How is it any more low-level than start?

Is your

multitask $ \coordinator ->
  traverse (\i -> start coordinator $ print i) [0..10]

example just mapConcurrently print [0..10]?

That’s just one way of spawning threads in async. You can recover the behavior that you want with a simple definition (the Void part is probably unnecessary, but apparently I’ve never needed it not to be Void):

withAsyncLink :: IO Void -> (Async Void -> IO a) -> IO a
withAsyncLink a k = withAsync a $ \side -> link side *> k side

Here’s a little cheat sheet:

                  | a died | b died | a returned | b returned
--------------------------------------------------------------
async      a *> b | b goes | a goes | b goes     | a goes
withAsync     a b | b goes | a dies | b goes     | a dies
withAsyncLink a b | b dies | a dies | error      | a dies
race          a b | b dies | a dies | b dies     | a dies
concurrently  a b | b dies | a dies | b goes     | a goes
3 Likes

Note: Provide module Ki.Typed to prevent escape by LSLeary · Pull Request #21 · awkward-squad/ki · GitHub

In particular, the contents of my closing comment beyond the horizontal bar.

1 Like

The async function is described as low-level in the async documentation, probably because it does not make the same cleanup guarantees that withAsync does. multitasking has no low/high-level API, there is only start with similar guarantees as withAsync.

traverse start and mapConcurrently are similar in the sense that both will run threads for 0, 1..10. traverse start will give you back Tasks which you can wait for. mapConcurrently already waits.
While async introduces multiple new concurrency helpers for mapping, start is flexible enough to work with traverse and does not need any helpers.
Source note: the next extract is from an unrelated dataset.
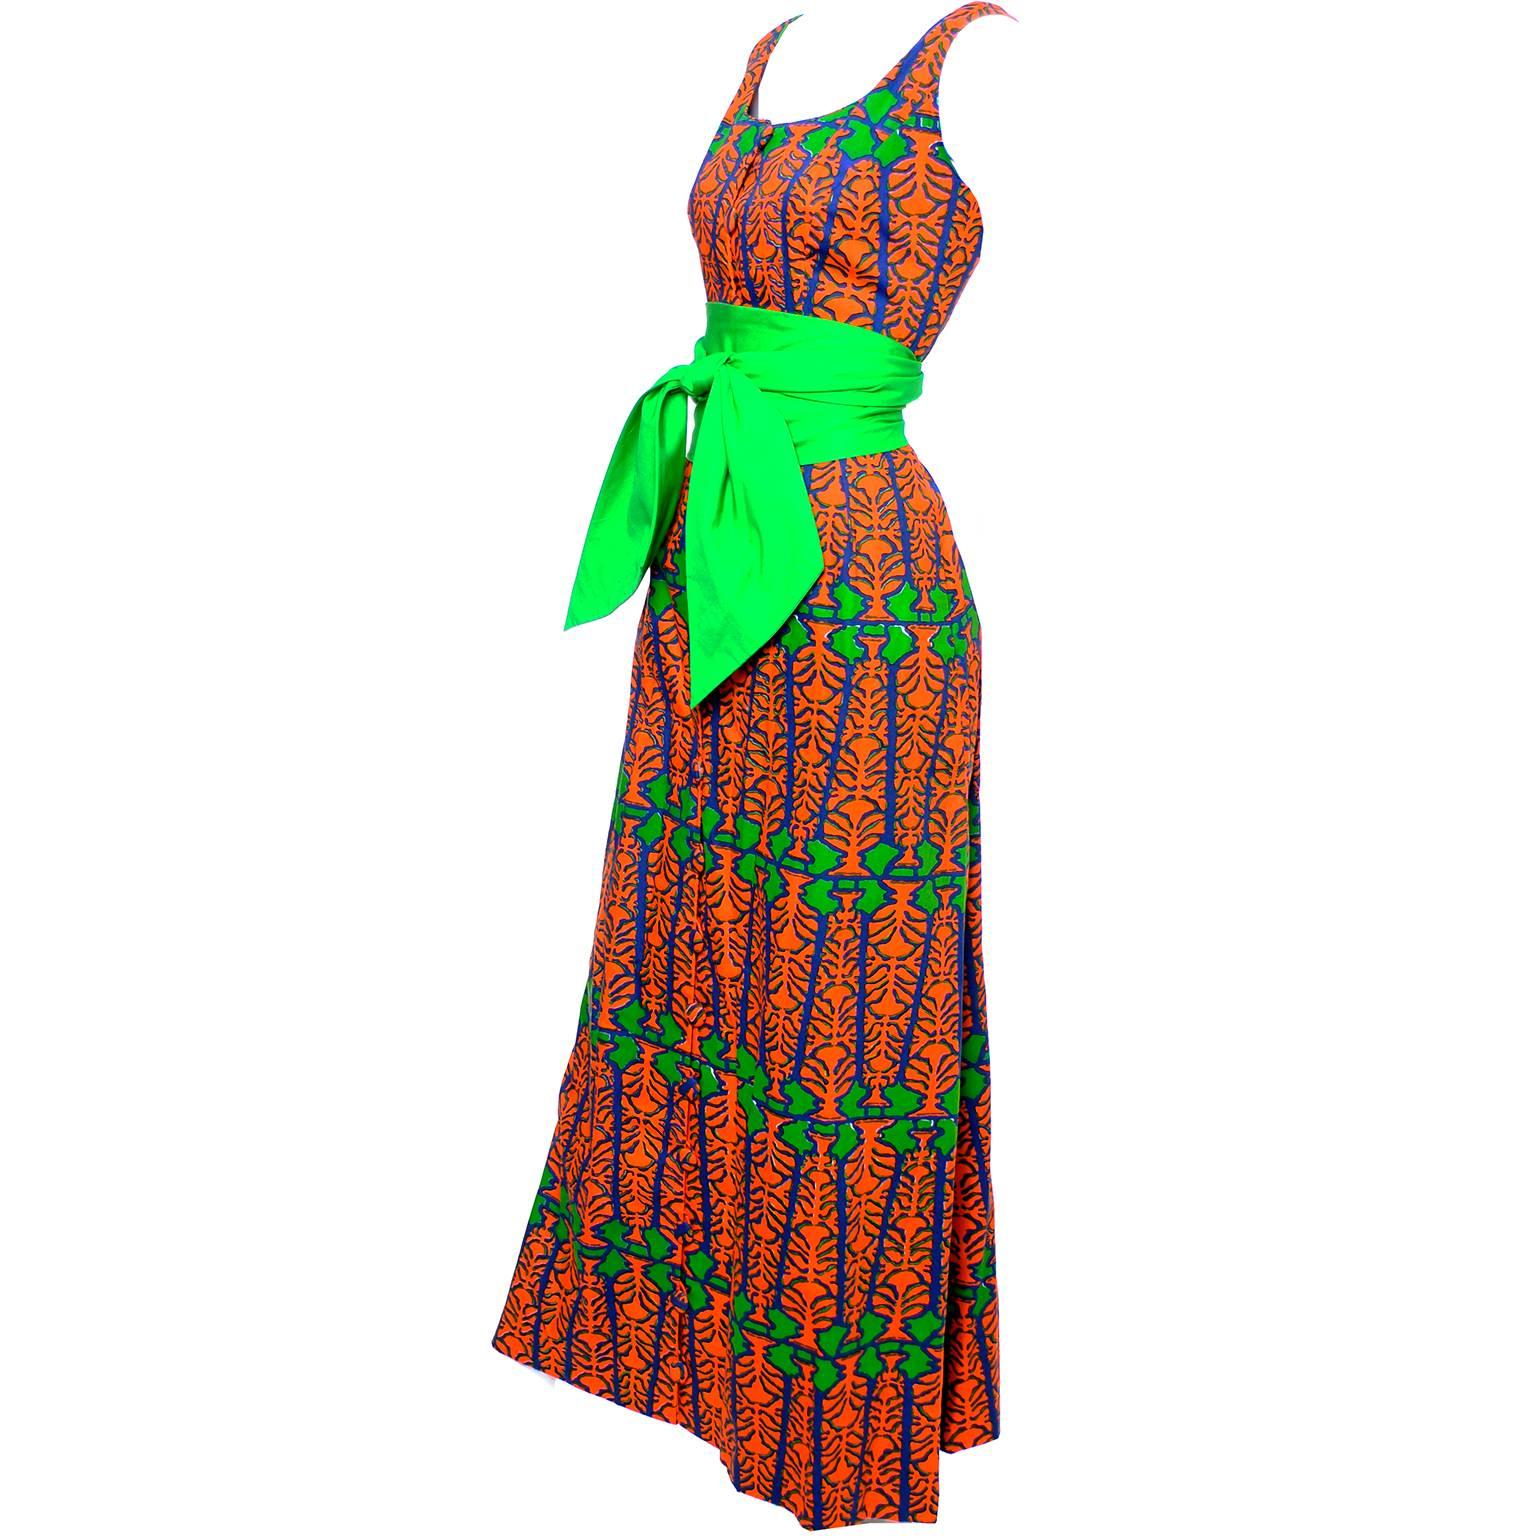 Design Thai Vintage Dress in Blue Green & Orange Cotton Tropical Print Size 6/8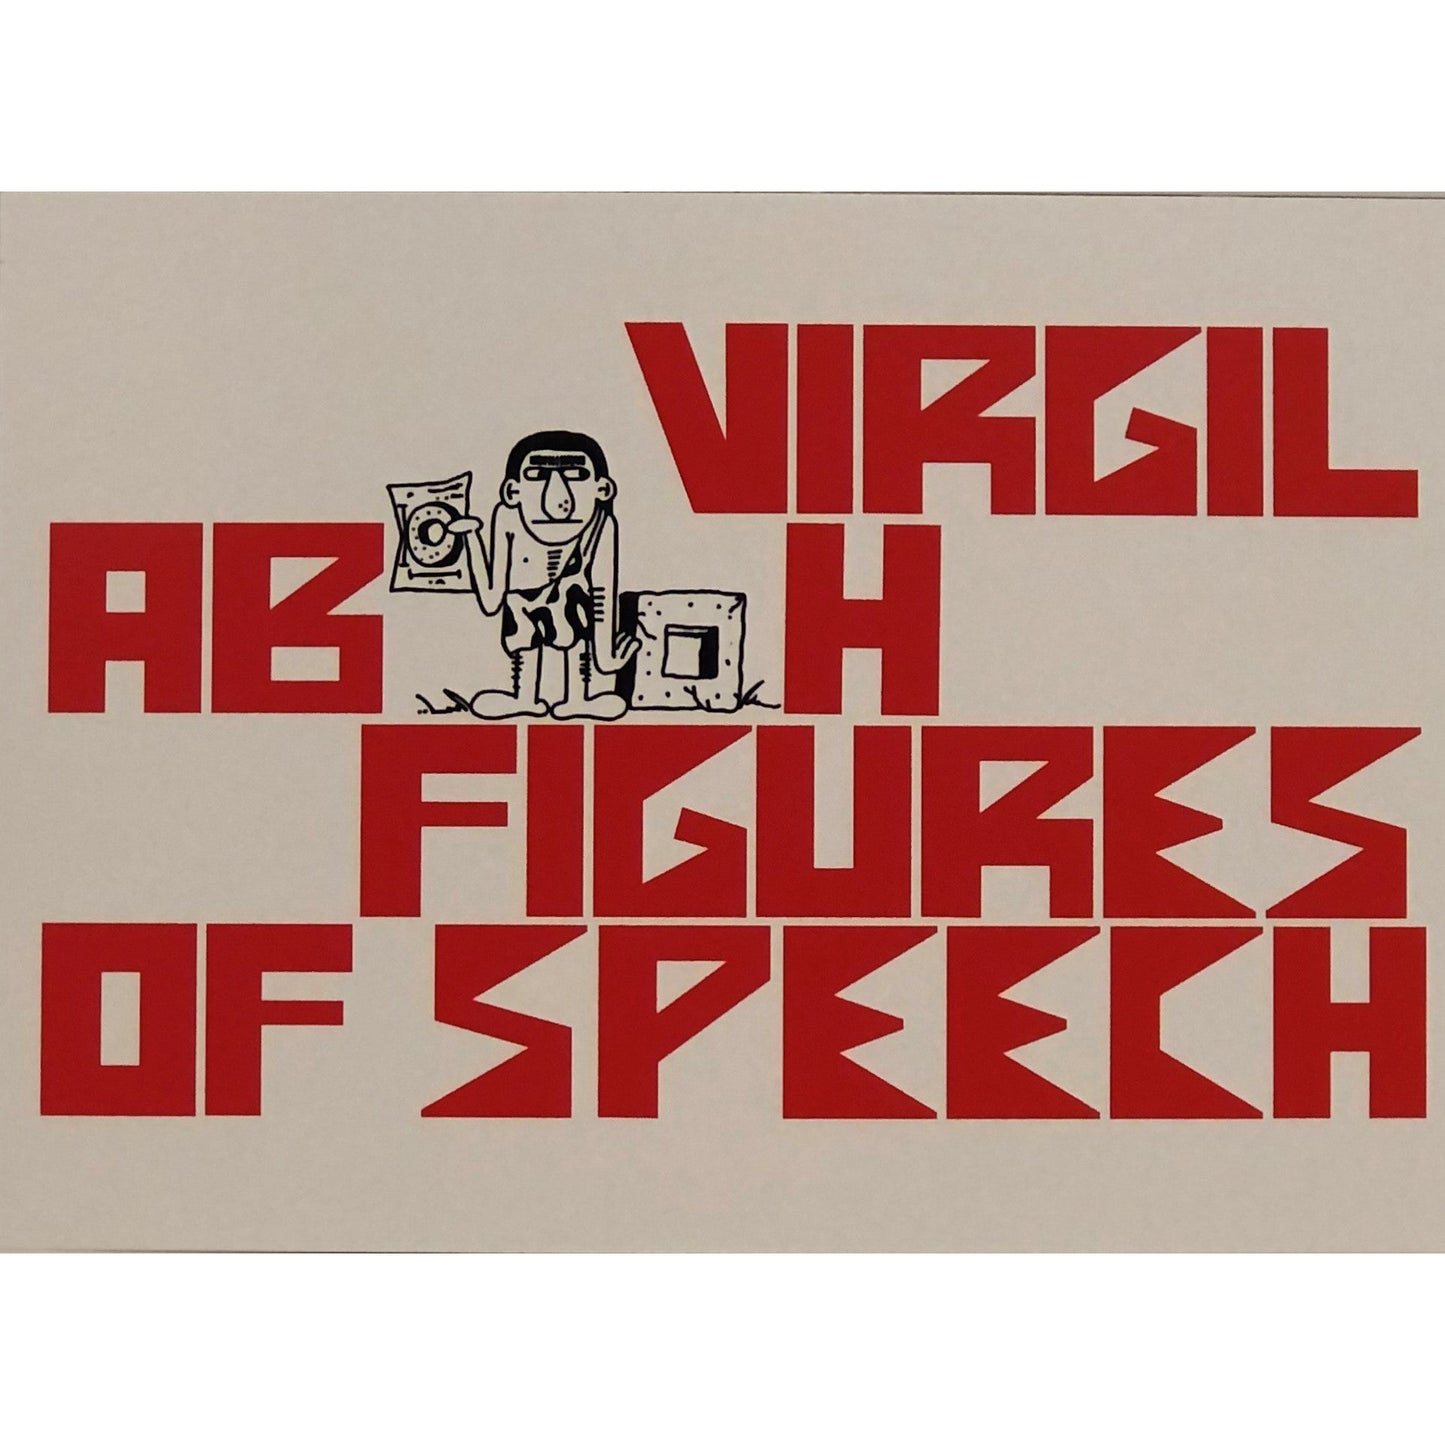 Virgil Abloh Figures of Speech Museum Exhibition Book

All of this results in a smaller and therefore simpler API, though this is a personal opinion.

That’s true, I overlooked those functions when writing the above example. However, I believe this is cumbersome and not what most users will do. Most will simply use withAsync since that is the default recommended option. multitask makes more opinionated choices in exception handling while async gives you more flexibility. Both approaches have their pros and cons.

4 Likes

Bluefin is essentially the general solution to well-scoping problems in Haskell. This is a discussion about ki-style concurrency in Bluefin that you might find interesting.

Thanks, it’s interesting to read about your ideas to integrate structured concurrency into bluefin and it gave me some things to think about for multitasking. Dealing with resources in a concurrent context is really quite tricky.

1 Like

traverse async will give you back Asyncs which you can wait for.

You can use async directly if you want start-like behavior.

Anyway, from what I can tell the only notables differences between multitasking and async is that the former has all the Coordinator-related business and less rich API. The former looks helpful, I’d be really curious to hear an opinion of someone who used both styles of concurrency on which one is more ergonomic and less error-prone.

As for exception-handling, I do believe that both “fail everything if one fails” and “keep going if one fails” are useful, so it’s fine to expect the user to make a conscious choice.

I think “keep going if one fails” might be an antipattern and should only be done in a very explicit manner by using try/catch manually. Threads can theoretically exit almost anywhere, so action1 >> action2 does not guarantee that action2 will run after action1. If the exception gets propagated, then you know about it at least and can shutdown any waits for action2.

This is also why there is no cancelTask and no startTry (a combination of start and try), since I do not want users to spawn threads which do not run fully. Of course, action1 >> action2 is not guaranteed to run after another even if you use multitasking, but I like to think that it is more difficult to make mistakes.

This is all a rather opinionated choice, so I second that an experience report on a real-world project would be helpful.